──────── Input data ────────

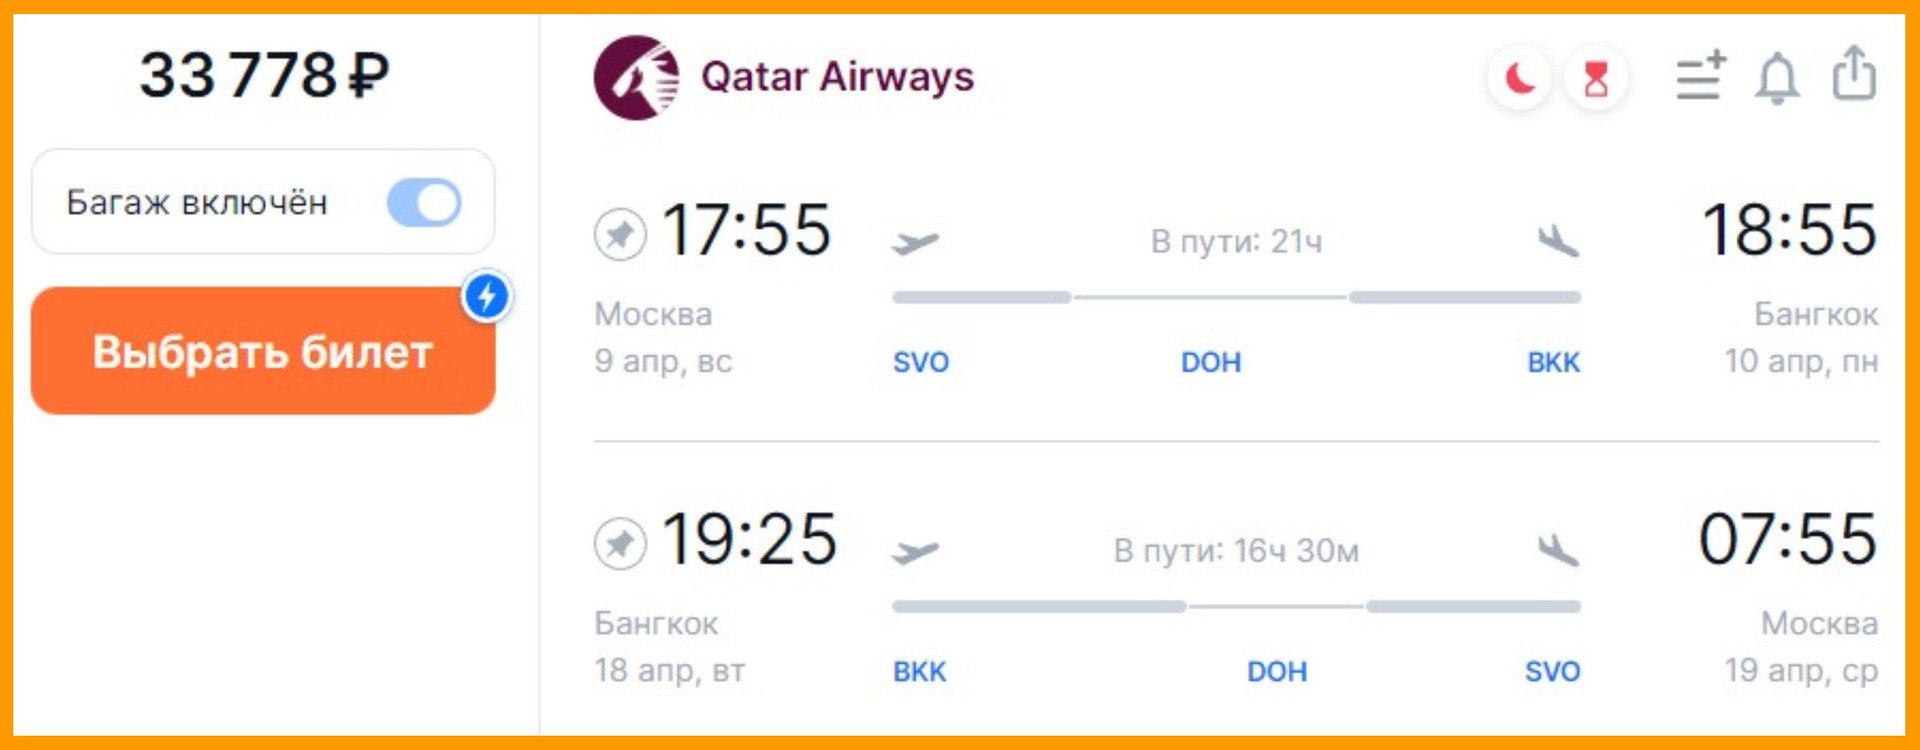 билеты на самолет в египет
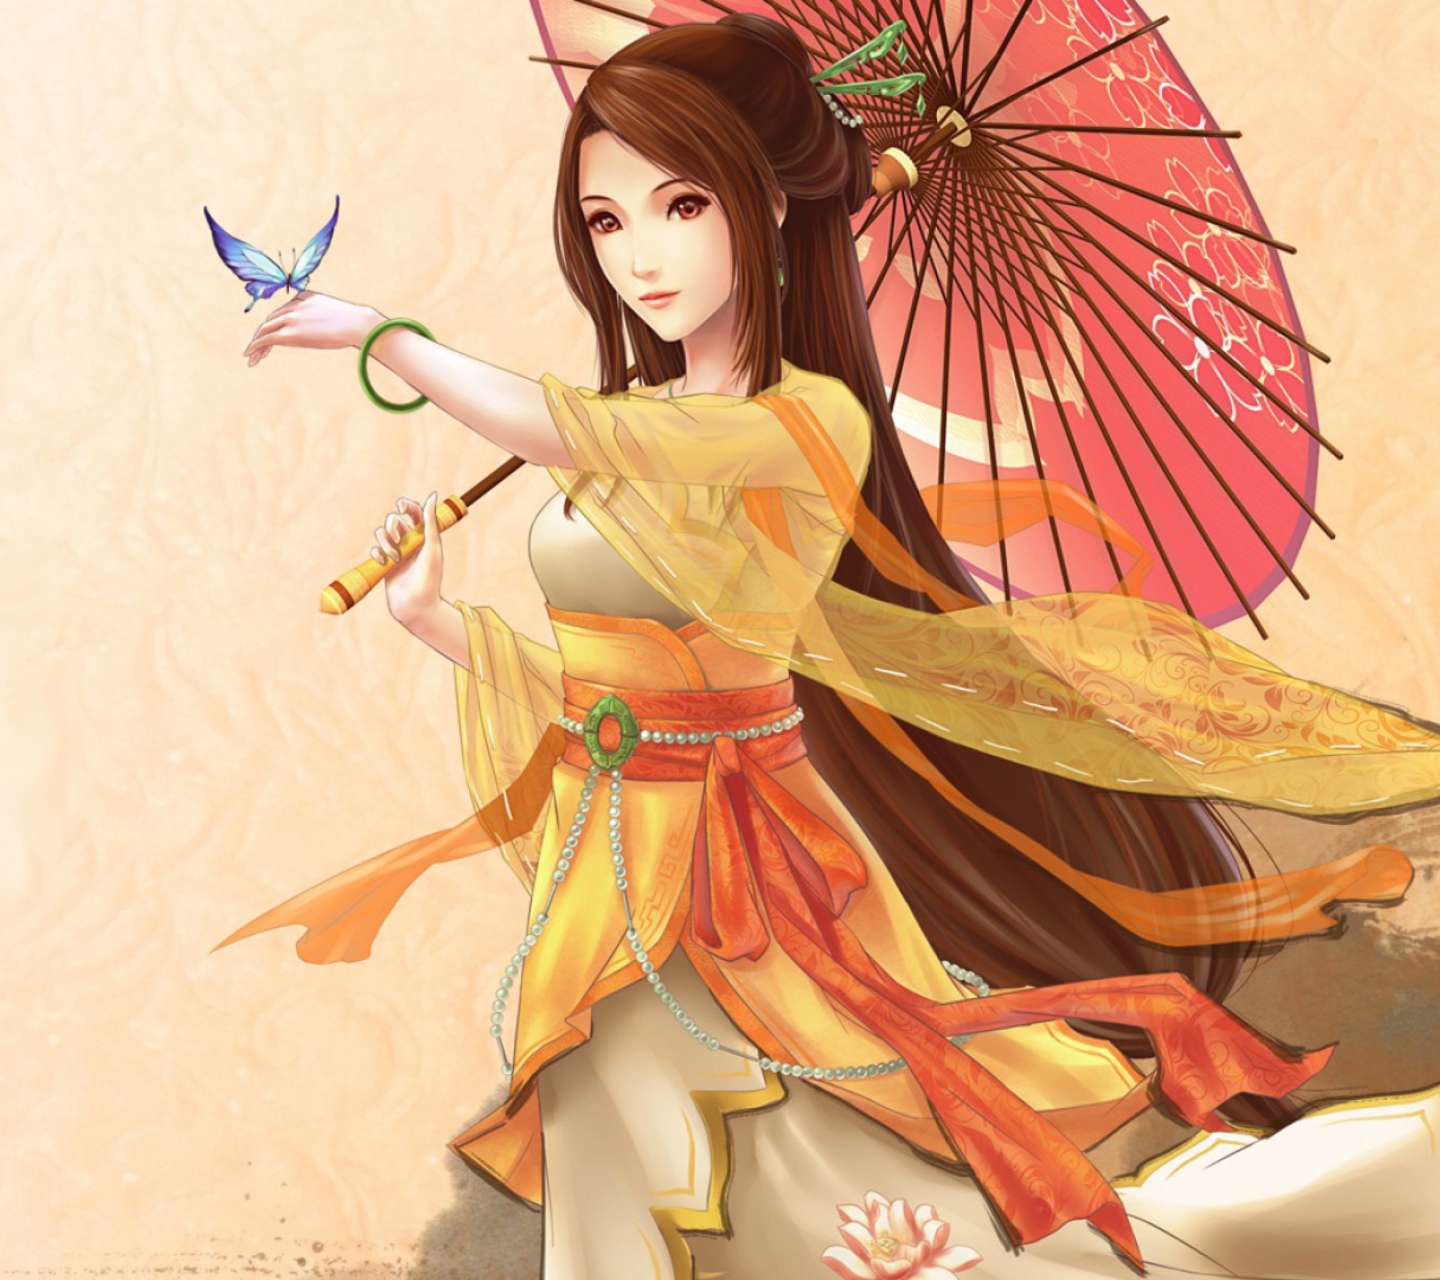 Japanese Woman & Butterfly screenshot #1 1440x1280
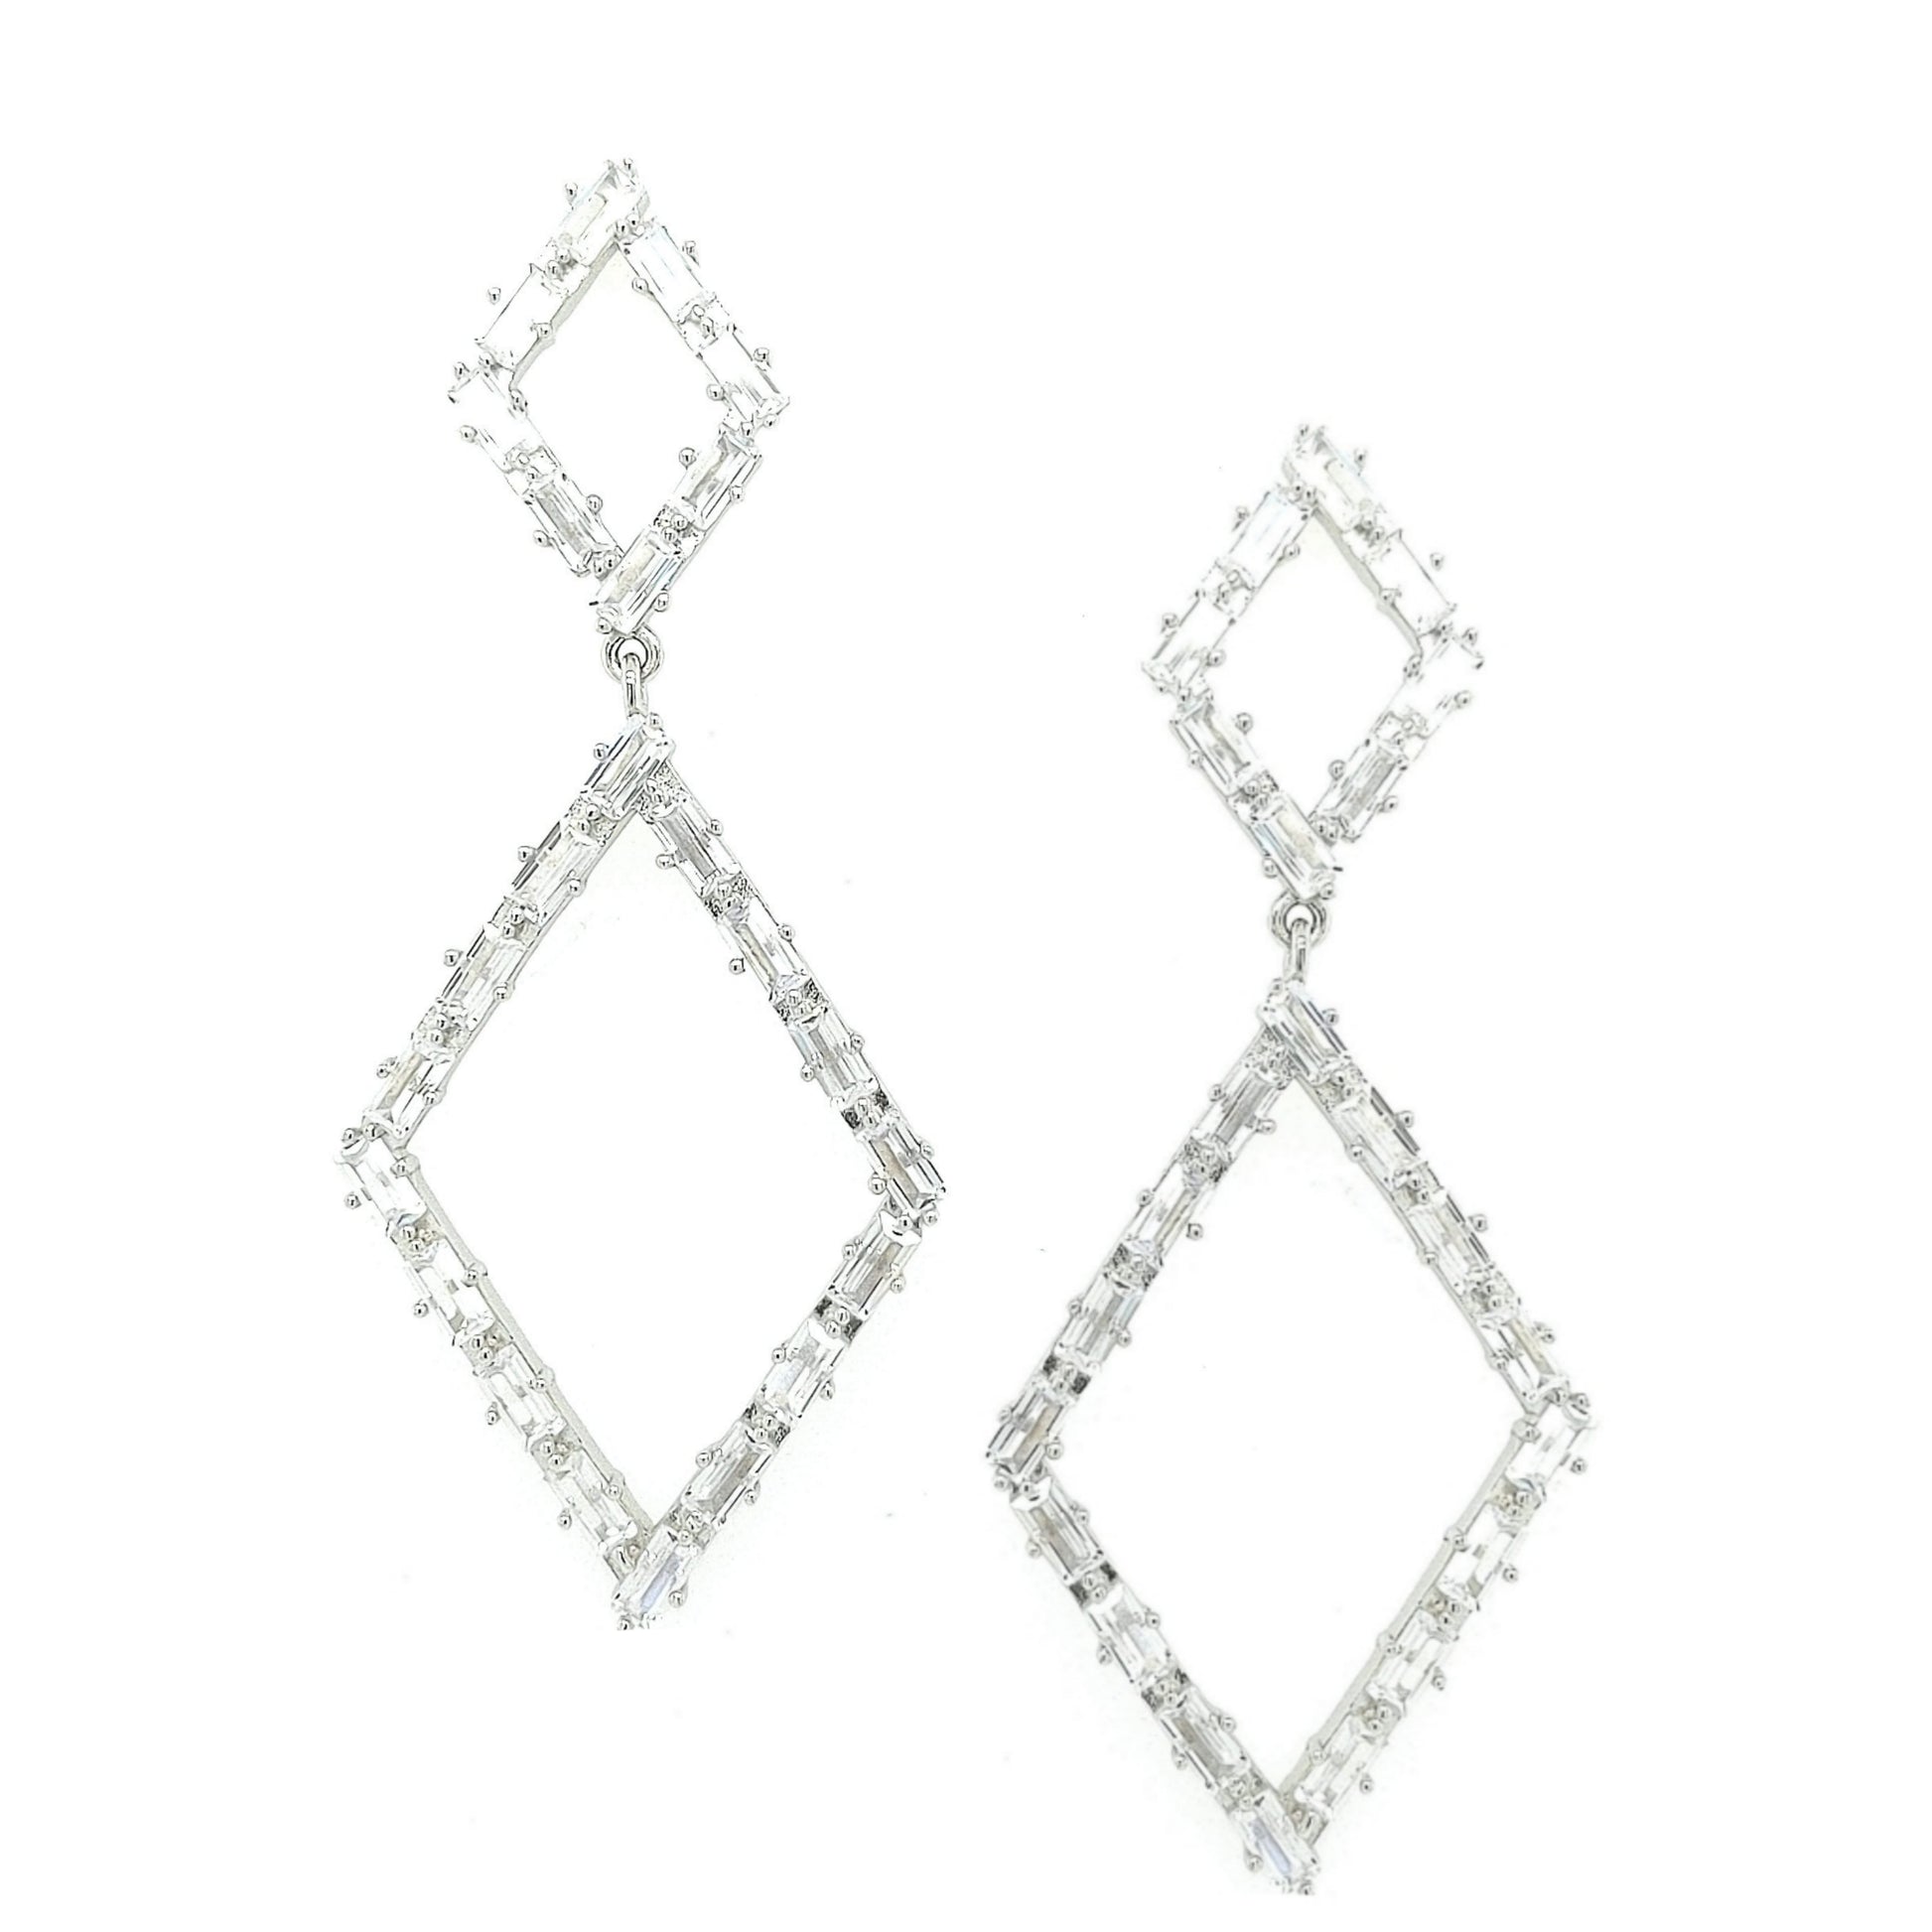 Sterling Silver Double Diamond Shaped Earring - HK Jewels
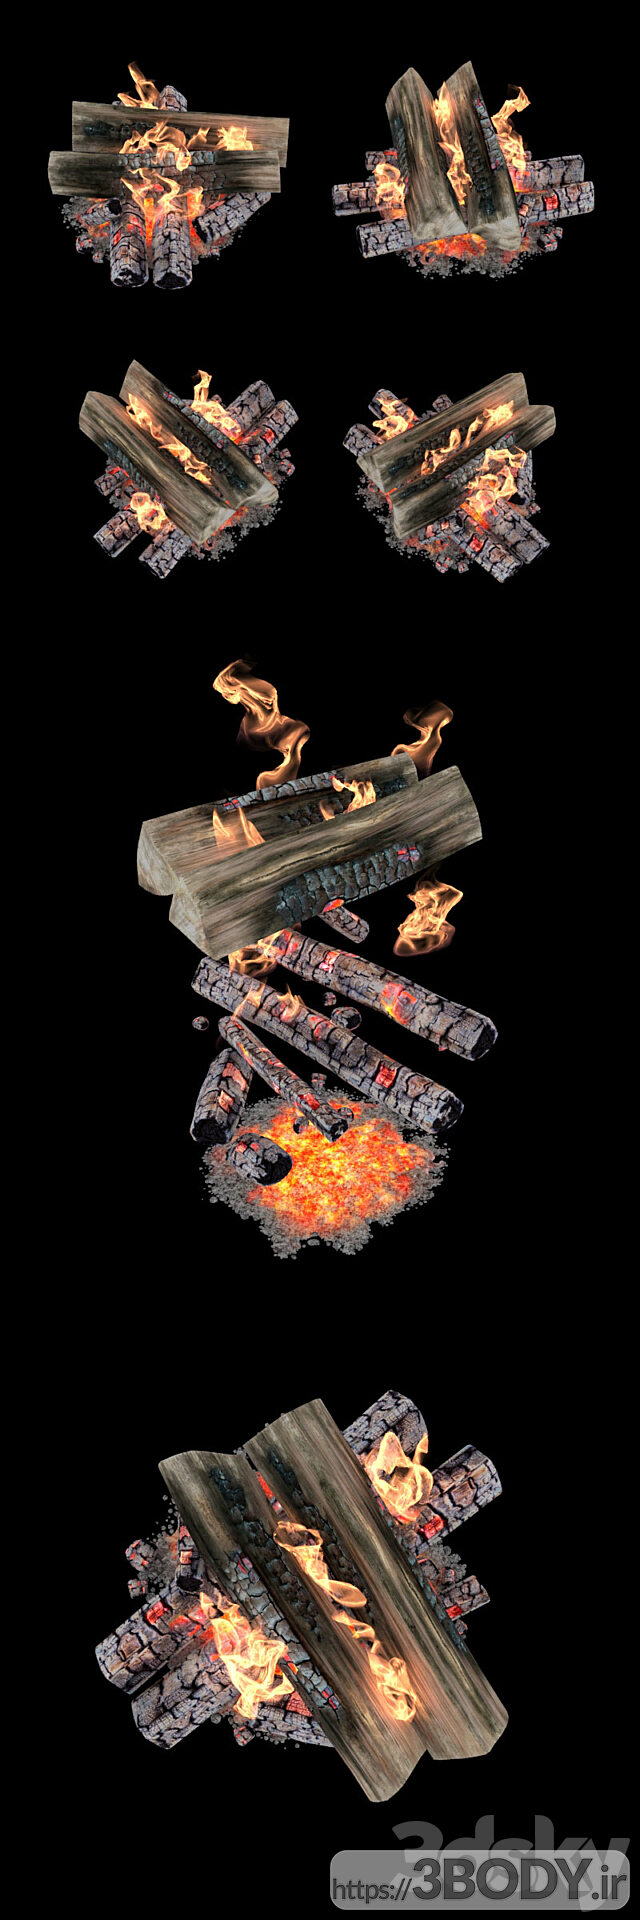 مدل سه بعدی هیزم و آتش عکس 3

────────

**Requirement:** Send back the listing exactly as it stands. Do not include the pictures.

**Task response:**
 билеты на самолет в египет
 Japanese Woman & Butterfly screenshot #1 1440x1280
 Sterling Silver Double Diamond Shaped Earring - HK Jewels
 مدل سه بعدی هیزم و آتش عکس 3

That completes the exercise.